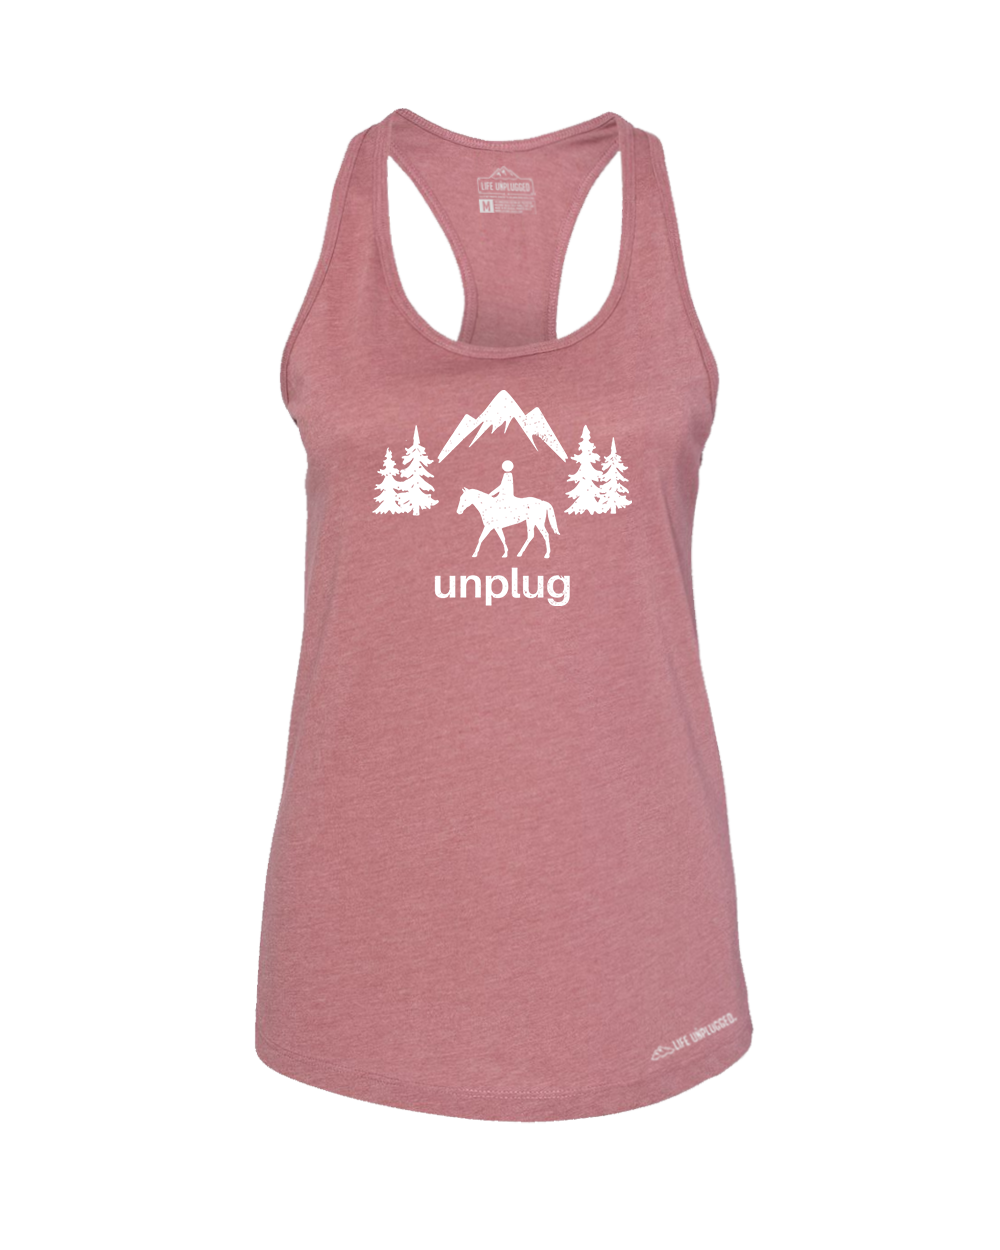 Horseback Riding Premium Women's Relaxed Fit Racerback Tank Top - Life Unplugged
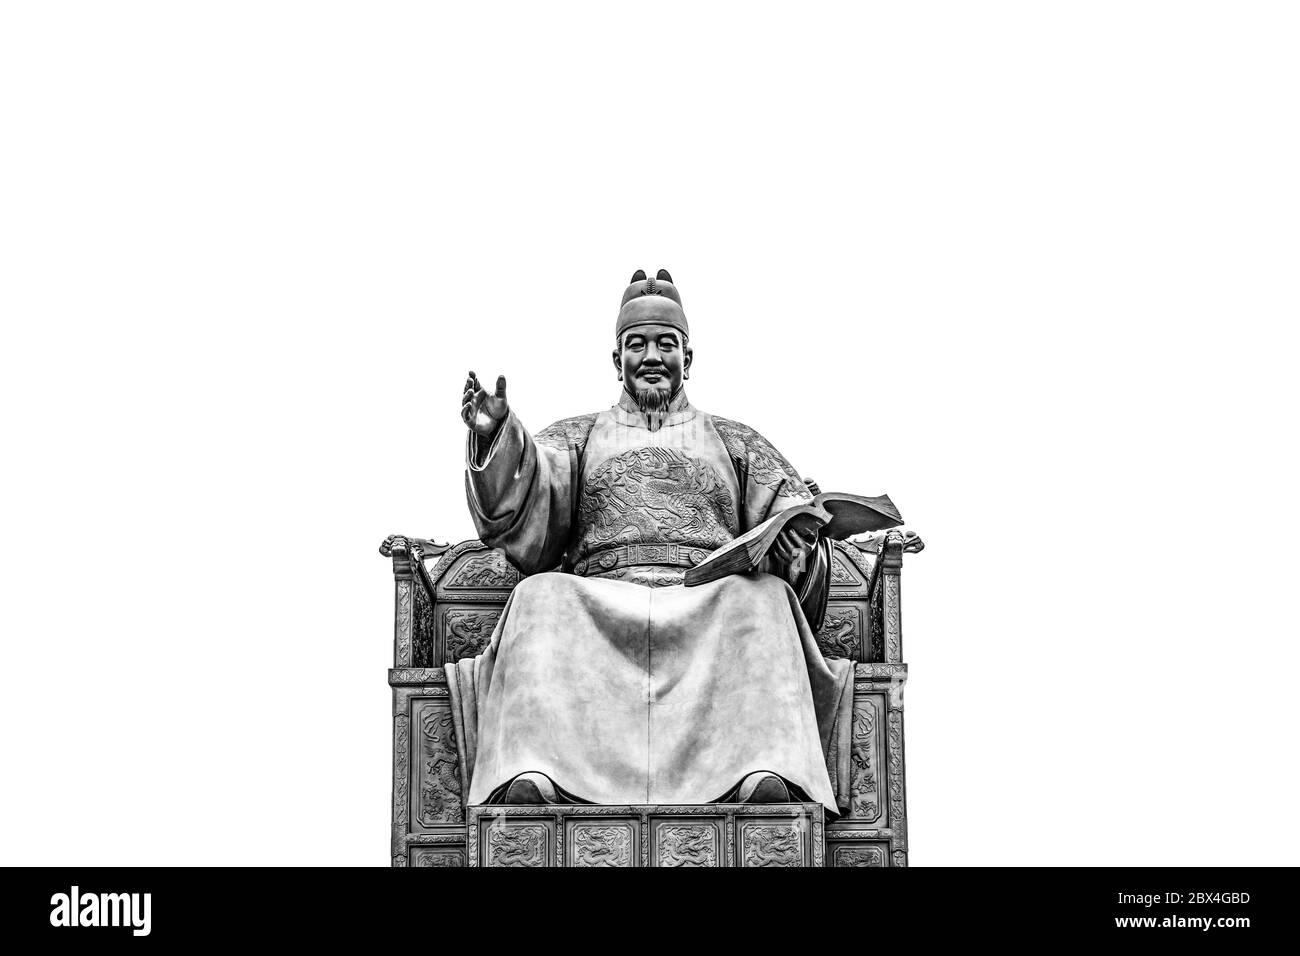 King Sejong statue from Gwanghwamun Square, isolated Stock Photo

...

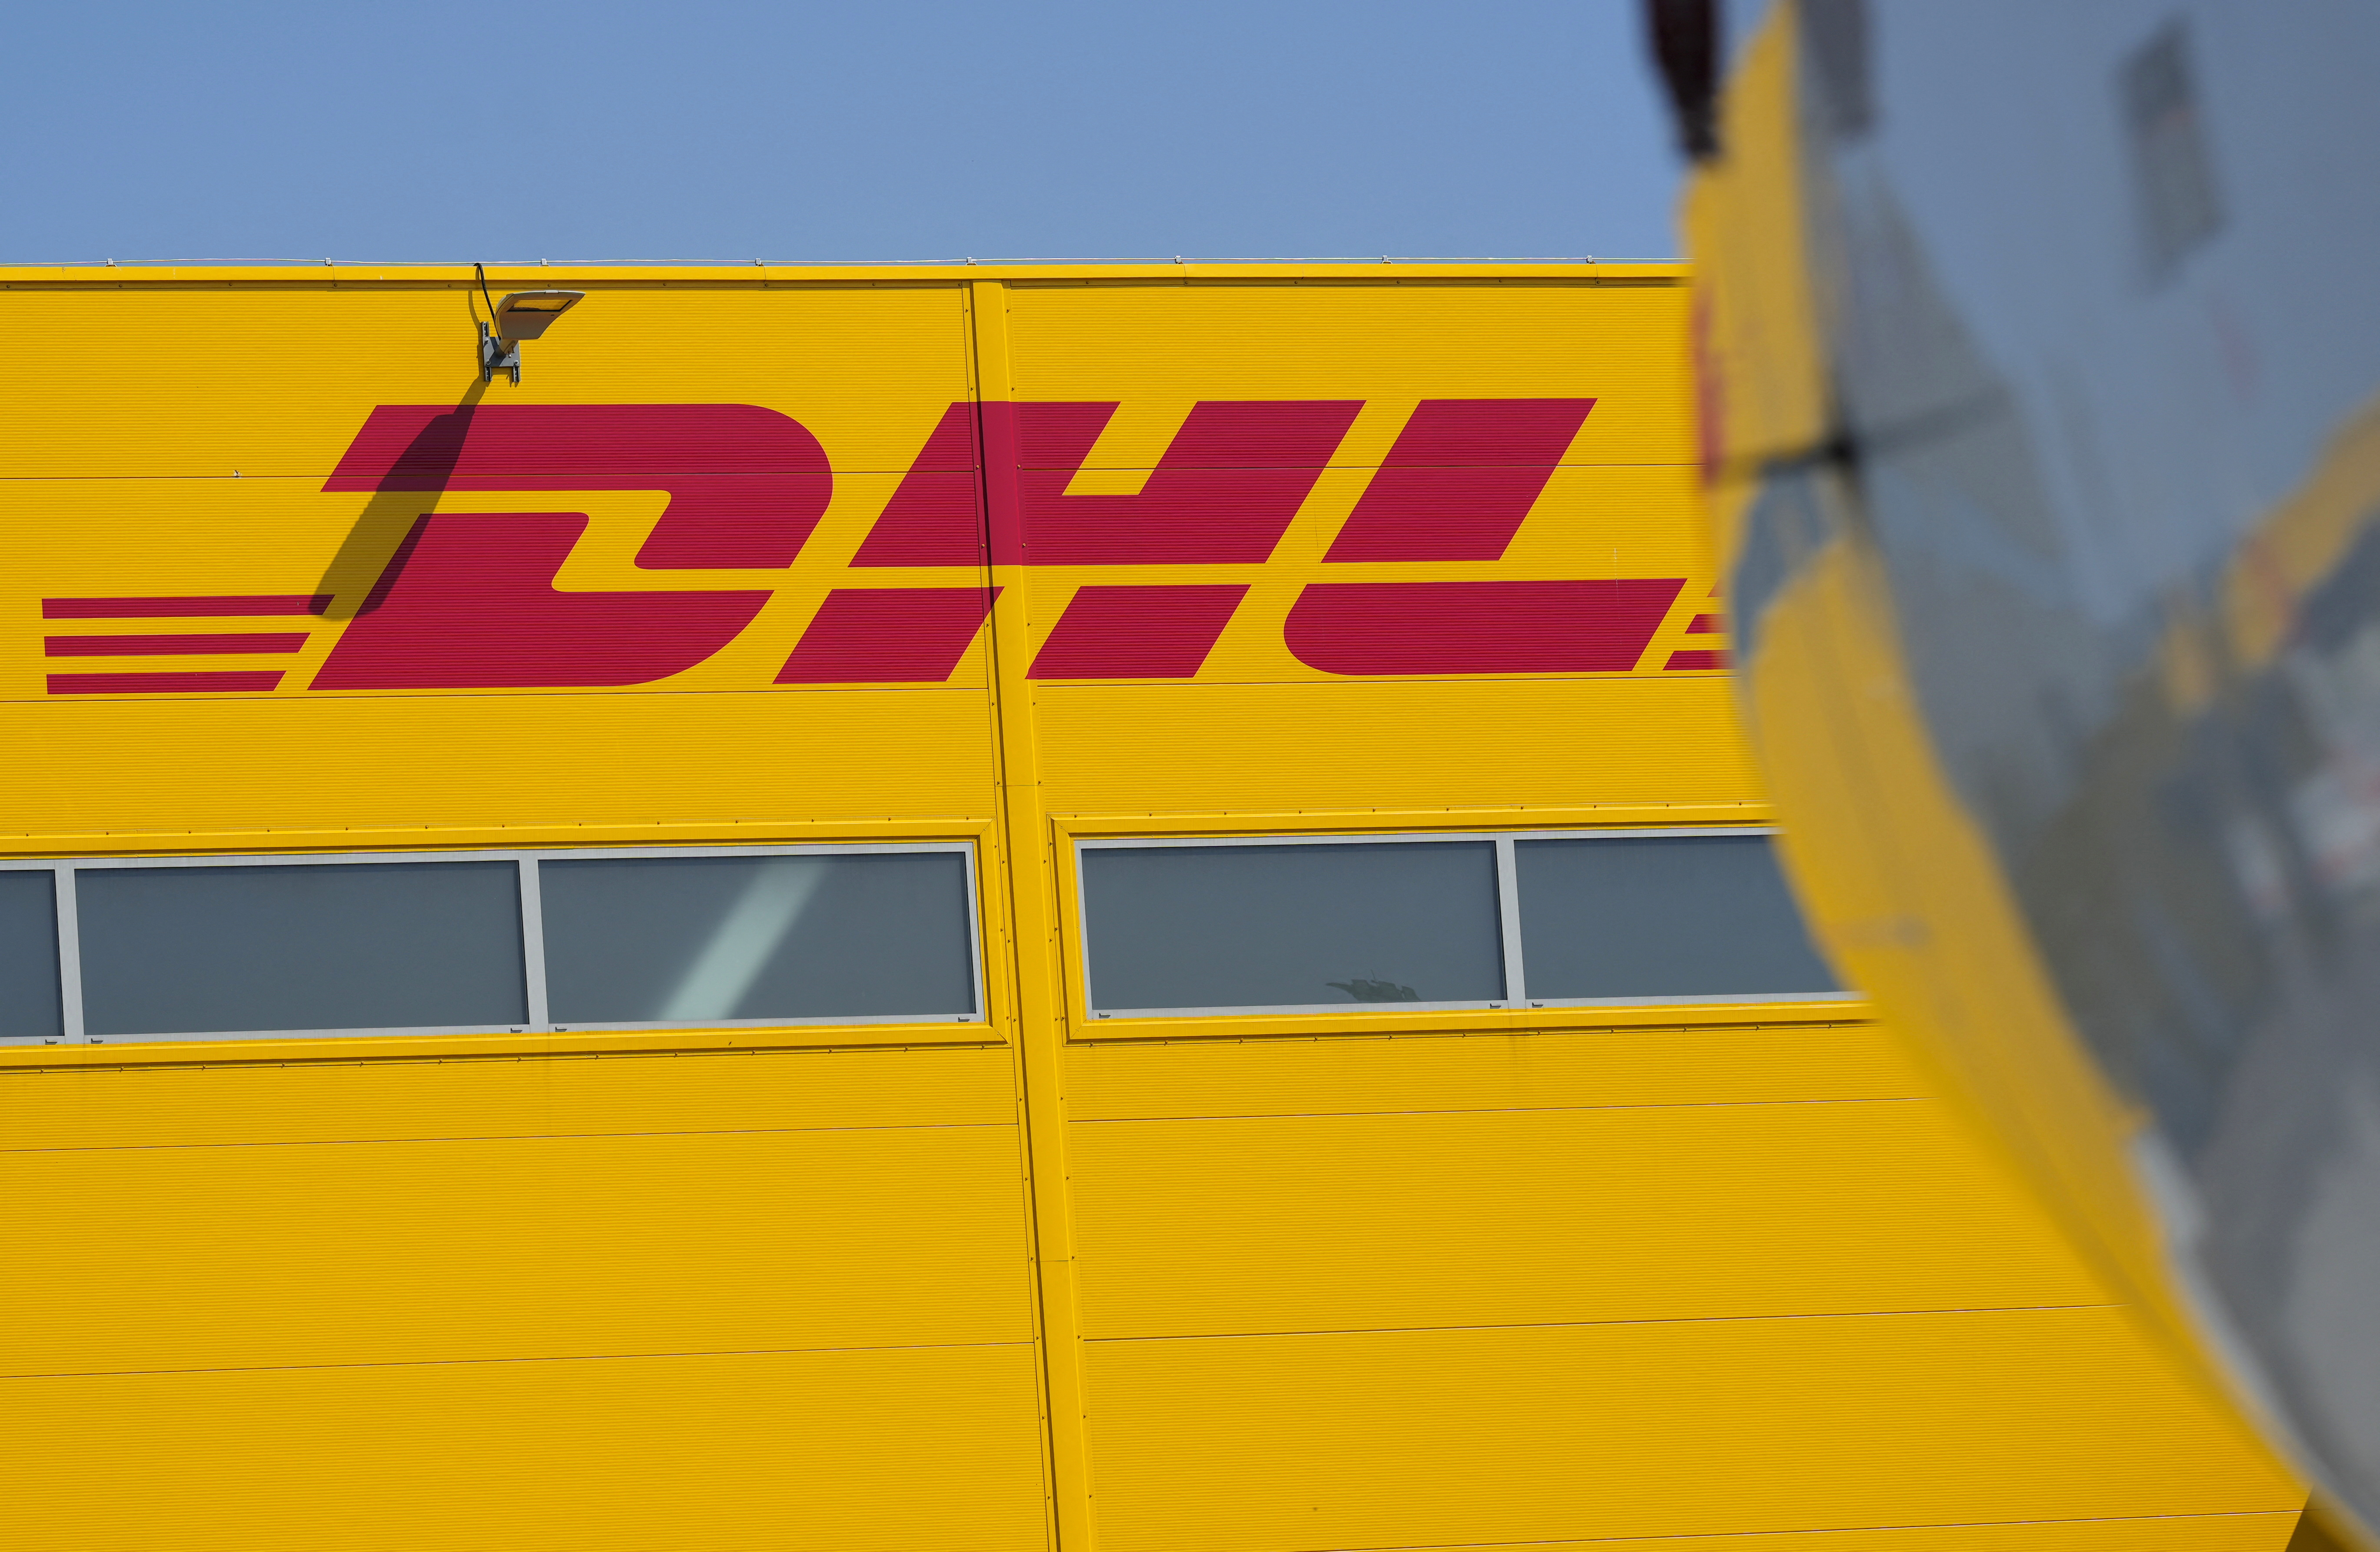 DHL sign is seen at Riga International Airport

_Exercise brief_. In the listing above, find the line with "Horseback Riding Premium" and the line with "King Sejong statue". Copy both of them and every line between, exactly, but not the pictures.

_Response area_.
 Horseback Riding Premium Women's Relaxed Fit Racerback Tank Top - Life Unplugged
 King Sejong statue from Gwanghwamun Square, isolated Stock Photo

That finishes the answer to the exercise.